Observers
of ancient Sparta noted the peculiar Spartan custom of dinning clubs or
syssitia at which adult Spartan citizens were required to share their evening
meal. These clubs were viewed as one of
the key features of Spartan society that distinguished it from all other Greek
cities. The Spartan dining
clubs were considered peculiar in the ancient world because: 1) they had fixed
membership (for life), and 2) they were a compulsory pre-condition for
attaining citizenship and failure to make the designated fixed contributions to
the mess could cost a man his citizenship.
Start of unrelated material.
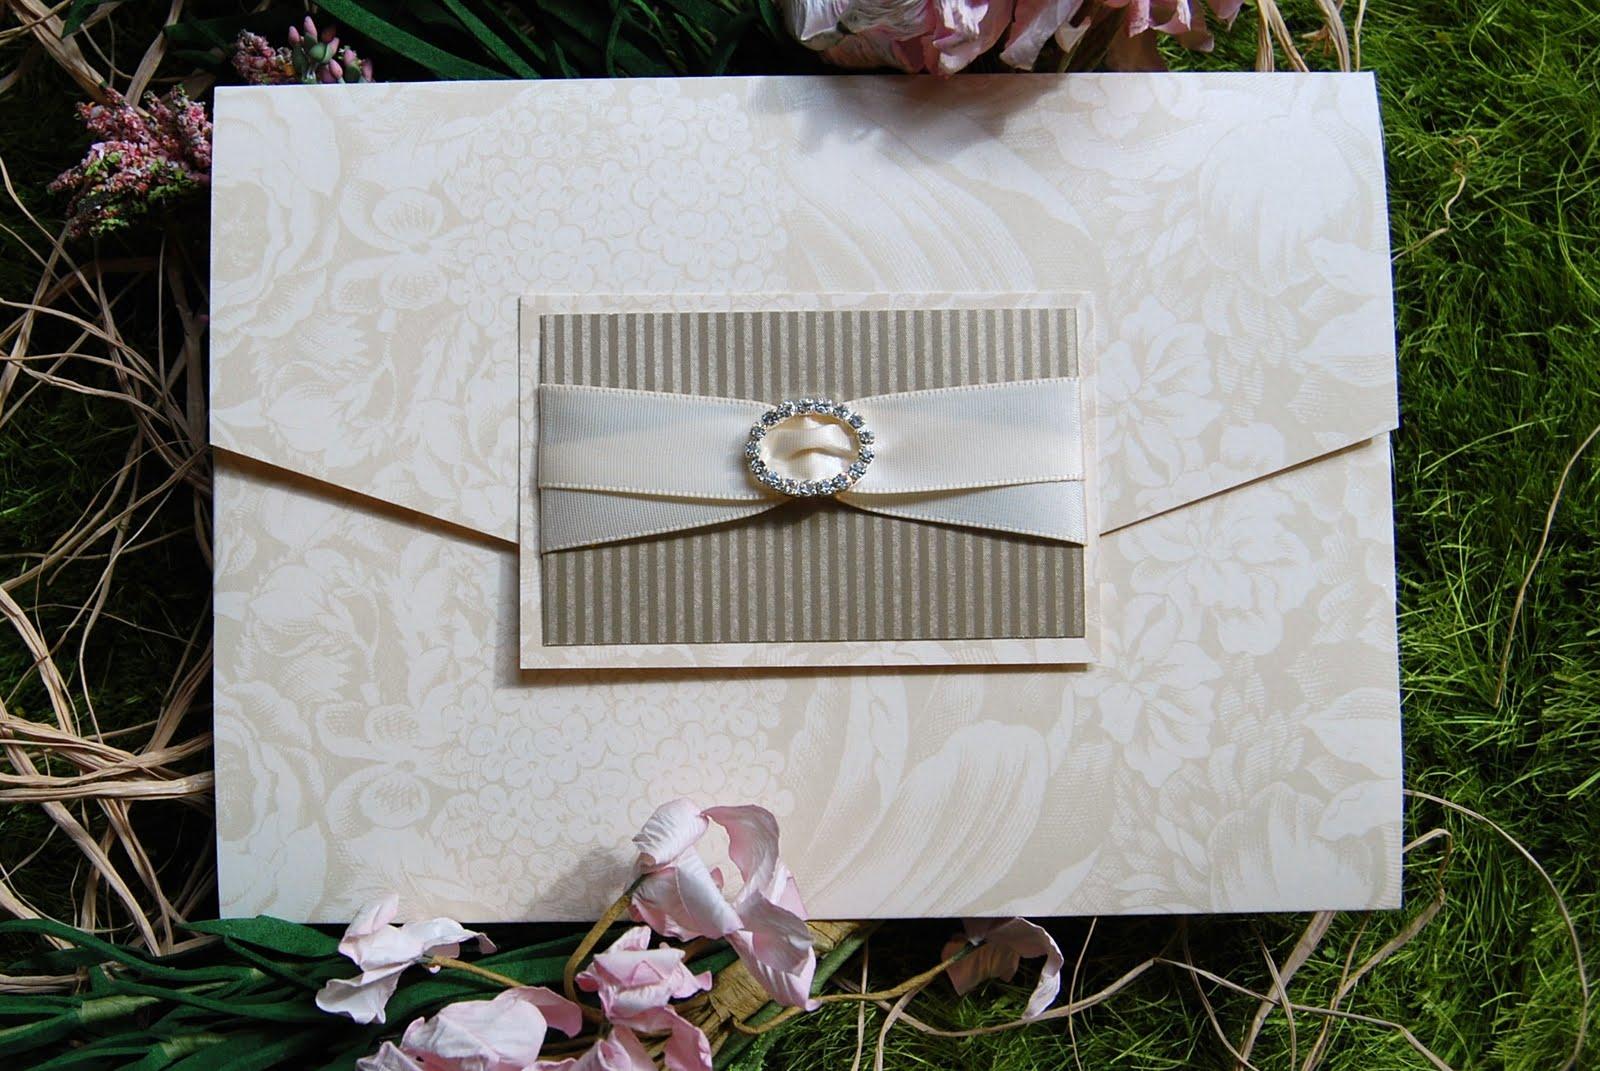 Sativa\'s blog: My Paris-themed wedding shower

Yet while the fact of these ancient fraternities is well established, the reason(s) the Spartans
instituted and maintained this peculiar tradition is controversial. A large
number of theories have been put forward over time including the desirability
of men of different age cohorts dining together (so that young men would learn
respect and benefit from the wisdom of older men) to the conscious desire of
the Spartan state to weaken family ties.
This
later thesis is put forward forcefully by Anton Powell, for example, in his
contribution to Michael Whitby’s Sparta.
Powell argues that totalitarian states, recognizing the influence of the family
as inherently inimical to state control, have consistently tried to break down
family ties. He cites examples from National Socialist Germany, although Soviet
Russia and Communist China both provide much more compelling examples of
anti-family policies designed to undermine family structures and influence.
The
problem with the comparison between 20th Century totalitarian states
and Sparta is two-fold. First, whether Nazi Germany or Communist China, these
anti-family societies were consciously revolutionary. The reason they sought to
undermine the family was because they recognized families as inherently conservative. Yet Powel himself stressed
the fundamentally conservative nature of Sparta! If Sparta was essentially
conservative, than no institution was better designed to reinforce conservative
values than the family. The experience of 5,000 years of history supports this
fact. It is when family structures break down that societies become most
vulnerable to change – not the other way around.
The
other problem with Powell’s thesis is that men eating one meal together at a
club is hardly a good way to undermine family structure! It may be a modern
truism that “families that eat together stay together,” but also a fact that most
men in the Western world today also eat at least one meal away from their
families. The most common pattern in Western industrialized societies is for
men (and often women) to eat the mid-day meal away from home among their work
colleagues rather than their family. Why should it be more destructive of
family life to eat the evening meal away from home than the morning or mid-day
meal? In many, particularly agricultural societies (such as ancient Sparta) it
is the mid-day, not the evening meal, that is most important.
I
do not think there is any evidence to suggest that full Spartan citizens (31
years and older) did not eat the morning and mid-day meal with their
families. On the contrary, given the
intimacy of Spartan society, I think it is very likely Spartans ate both
breakfast and dinner (mid-day) with their families, and went to the syssitia in
the evening for what was essentially a light supper.
Certainly,
as all accounts agree, Spartan men returned from the syssitia to their homes (or
barracks) sober before it grew too late. Furthermore, syssitia were not noted
for the entertainment of flute-girls and courtesans, unlike the tradition of
Athenian symposia. At the latter, men
allegedly caroused together until the dawn and then staggered home drunk after
indulging themselves with prostitutes both male and female. From a wife’s point
of view, the Spartan custom of syssitia was infinitely preferable to the
Athenian symposia, and in consequence it is arguable that the syssitia did far more
to strengthen family life than to disrupt it.